Entertainment
Microsoft Flight Simulator 2024 review – delayed take-off or full air disaster?-Nick Gillett-Entertainment – Metro
It’s been broken since launch but Microsoft Flight Simulator 2024 is at least playable now, in one of the year’s most controversial releases.
Microsoft Flight Simulator 2024 – it’d be even better if it worked (Xbox Game Studios)
It’s been broken since launch but Microsoft Flight Simulator 2024 is at least playable now, in one of the year’s most controversial releases.

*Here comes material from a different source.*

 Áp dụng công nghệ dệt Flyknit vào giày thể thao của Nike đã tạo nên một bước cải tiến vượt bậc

There have been quite a few examples of abysmally poor video game launches over the past few years, where titles have released in a condition that’s unfit for human consumption. Skyrim was in a parlous state when it came out in 2011 and Ubisoft became infamous for ignoring its QA testers, with its nadir being Assassin’s Creed Unity. But the benchmark for broken launches remains Cyberpunk 2077, whose catalogue of glitches has by now become legend.

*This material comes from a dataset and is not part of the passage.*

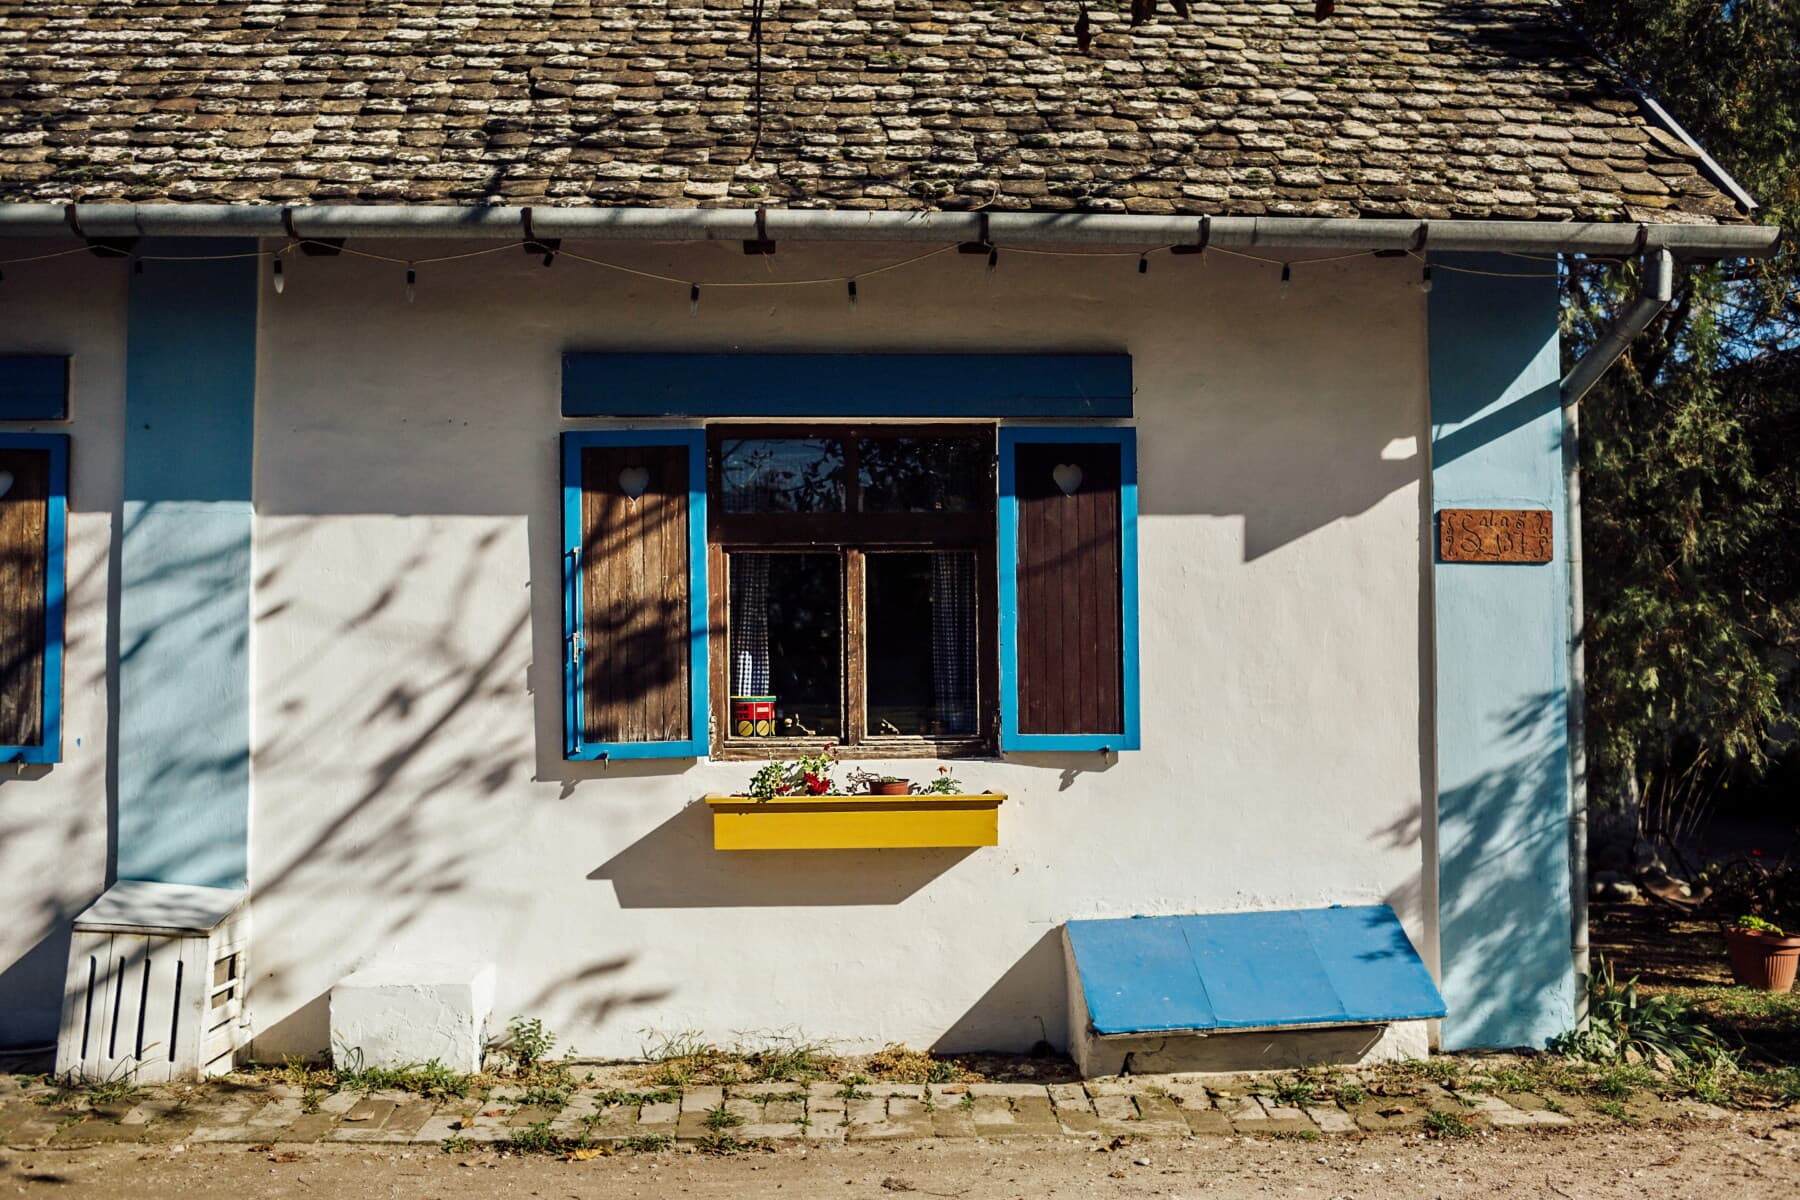 rural, village, vintage, windows, roof, house, garage, architecture, wood, window

Interestingly, in two of those cases – and with a lot of patching – the games went on to become stone cold classics, but that’s certainly not guaranteed. It also makes reviewing a game like Microsoft Flight Simulator 2024 a challenge, since at launch, and for several days afterwards, it remained completely unplayable.

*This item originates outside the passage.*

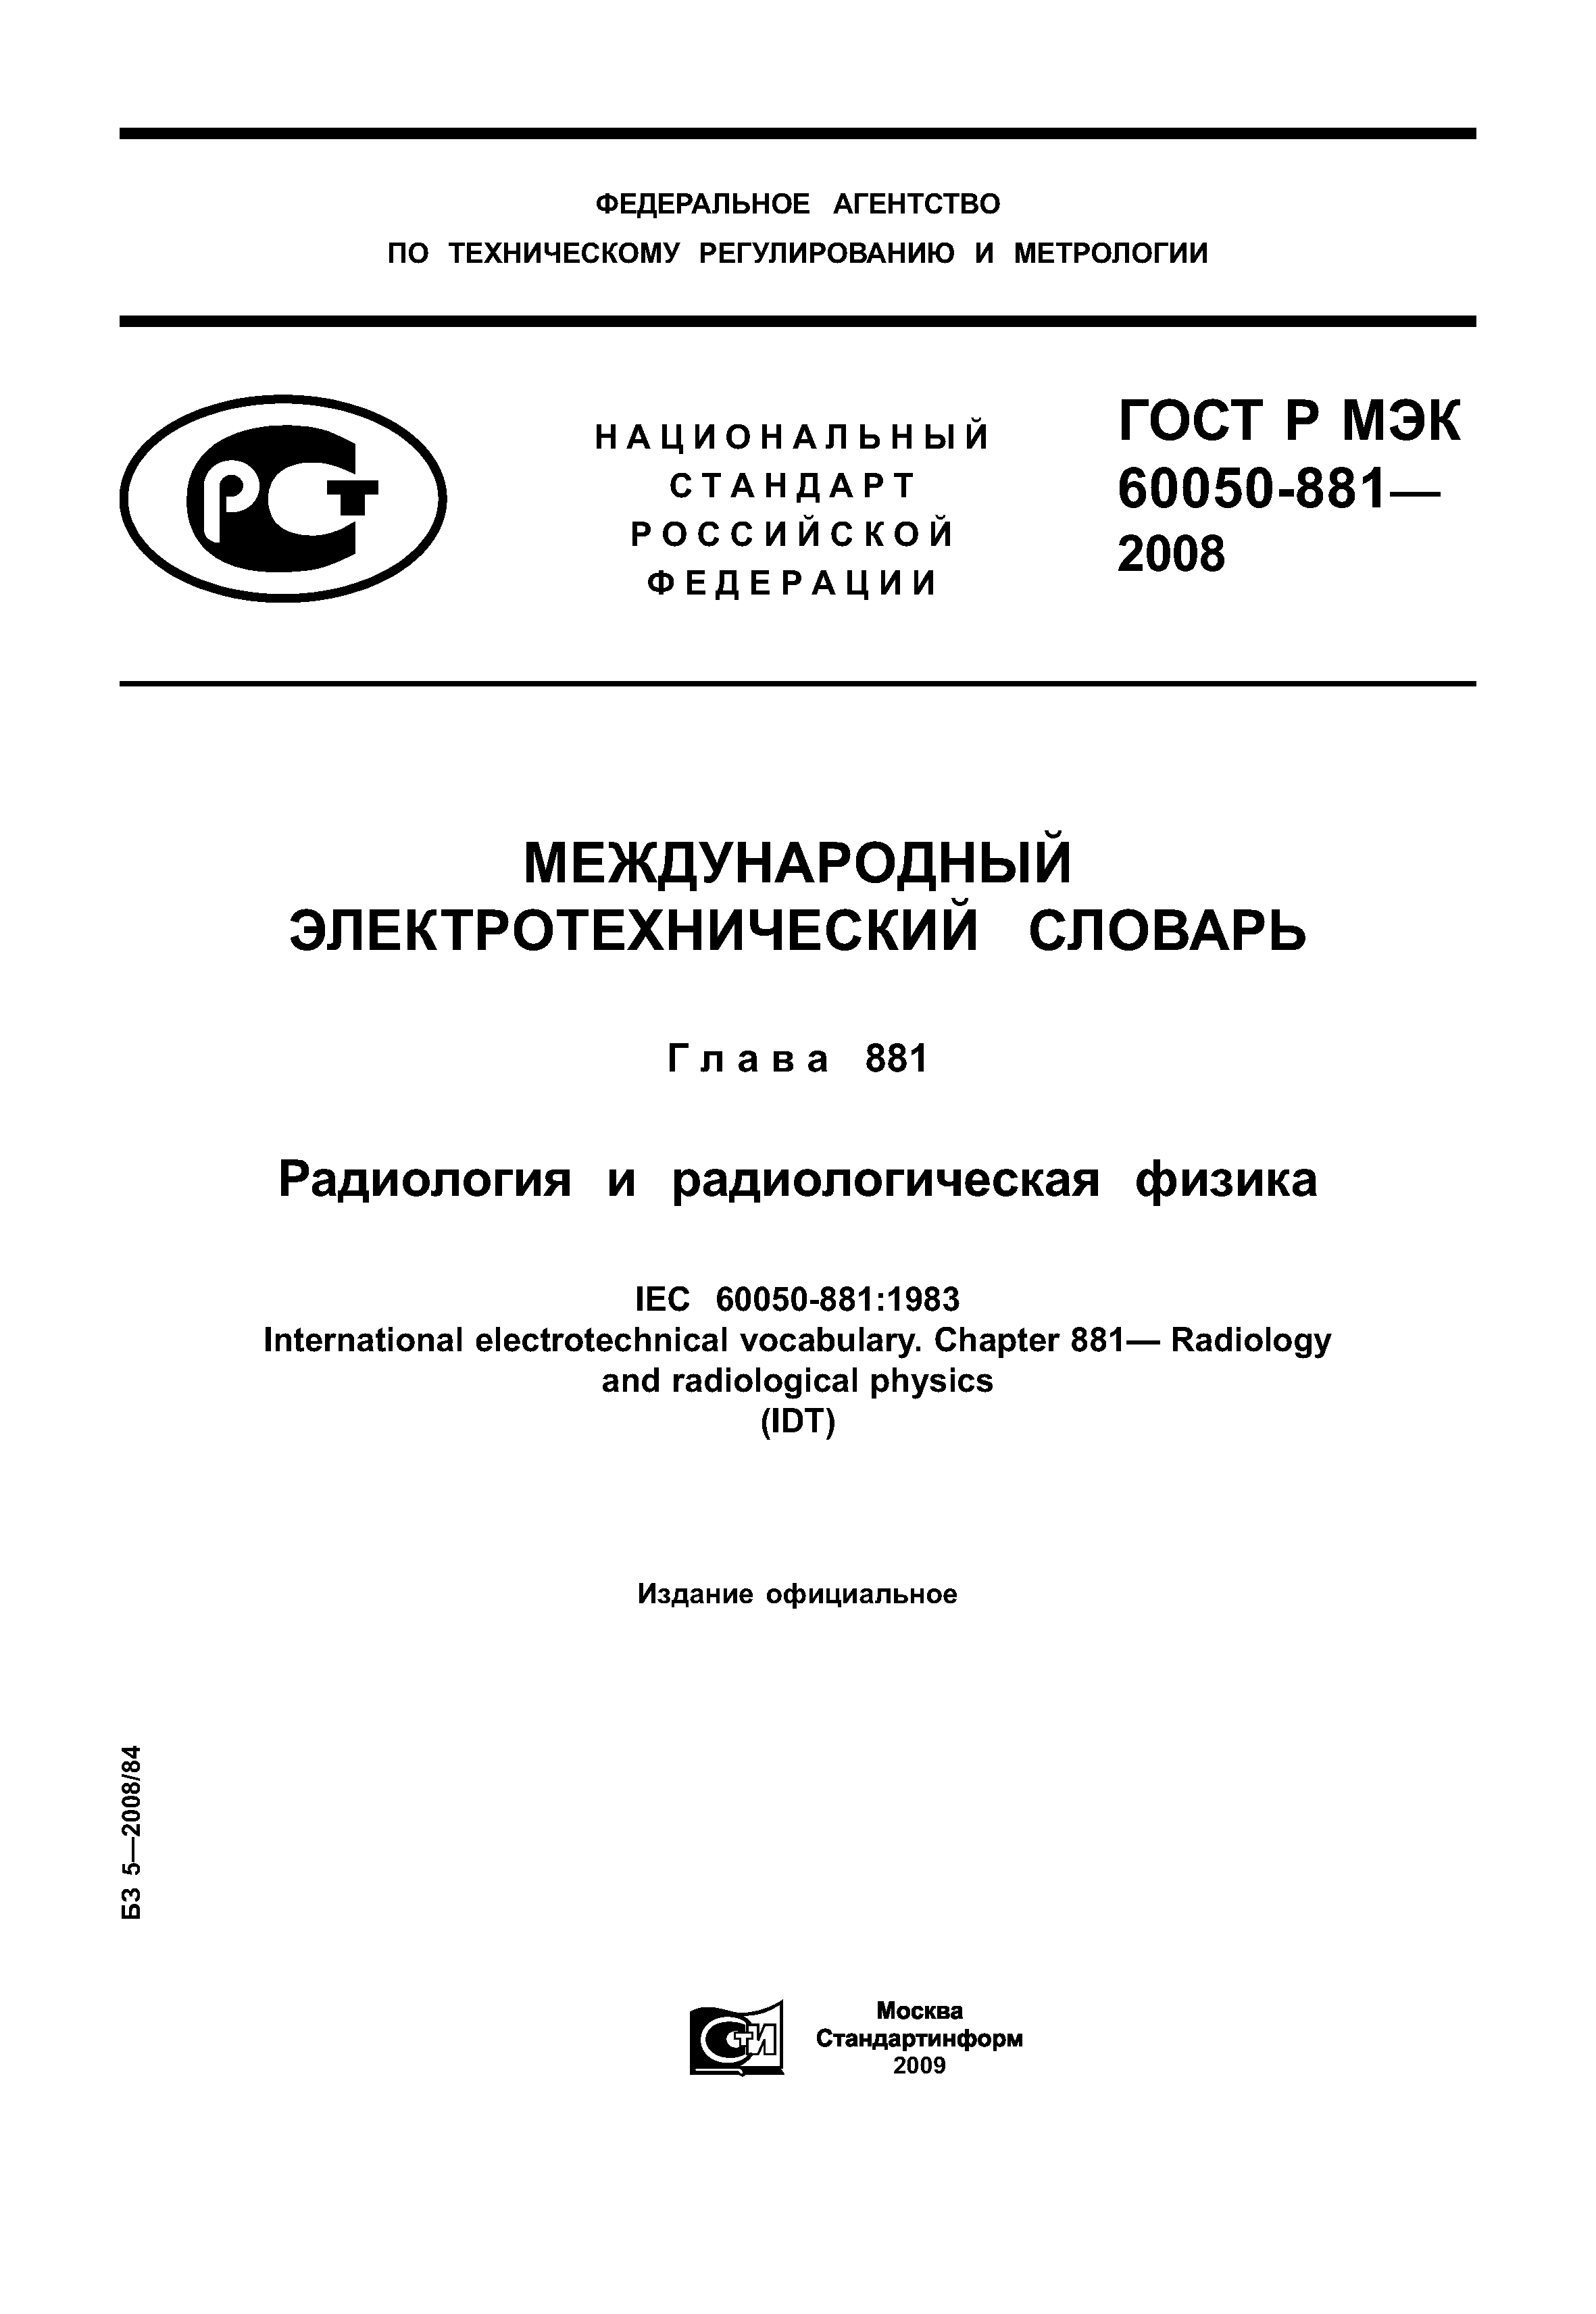 ГОСТ Р МЭК 60050-881-2008

That was down to developer Asobo’s insistence on using streamed assets rather than downloading everything you need to your local hard drive, whether on Xbox or PC. That obviously reduces the initial wait and the amount of space the game takes up, but unfortunately it also meant that players who had spent anywhere from £70 to £200 – depending on the version of the game they’d bought – were unable to access their purchase.
Even now, with the game actually working, the initial load time will remind older players of cassette loading on the Commodore 64 and ZX Spectrum. You get music to listen to and images of various planes flying, but it’s a multi-minute wait every time you start the game, even if on Xbox quick resuming is a lot swifter. Or at least it is when it works. More on that later.
With the technical problems not so much out of the way, as in abeyance, it’s now possible to see what sort of game Flight Simulator 2024 is. That’s because, while it’s very much still a simulator, this release sees Microsoft’s flagship title devote itself wholeheartedly to the sort of gamification that had previously been anathema to the franchise.
The central plank of that is Career Mode. This starts with flight training, first in a small private plane, where you’ll learn to ascend, descend, adjust your throttle, and learn what the slip-skid indicator does. Pre-flight checks both inside and outside the aircraft, taxiing and take-off, are all covered separately, with your performance graded from A to C.
But that’s just the tiniest tip of the iceberg. After paying to take your private pilot’s license, you begin working on a commercial one, with the vast number of added complexities that come with piloting larger planes, your responsibility now including dozens or hundreds of passengers. You’ll learn about turboprops and jets, multi-engine planes, instrument rating, night flying, helicopters, cargo powered-lifts, and a whole lot more. The game is absolutely vast in its scale and intricacy.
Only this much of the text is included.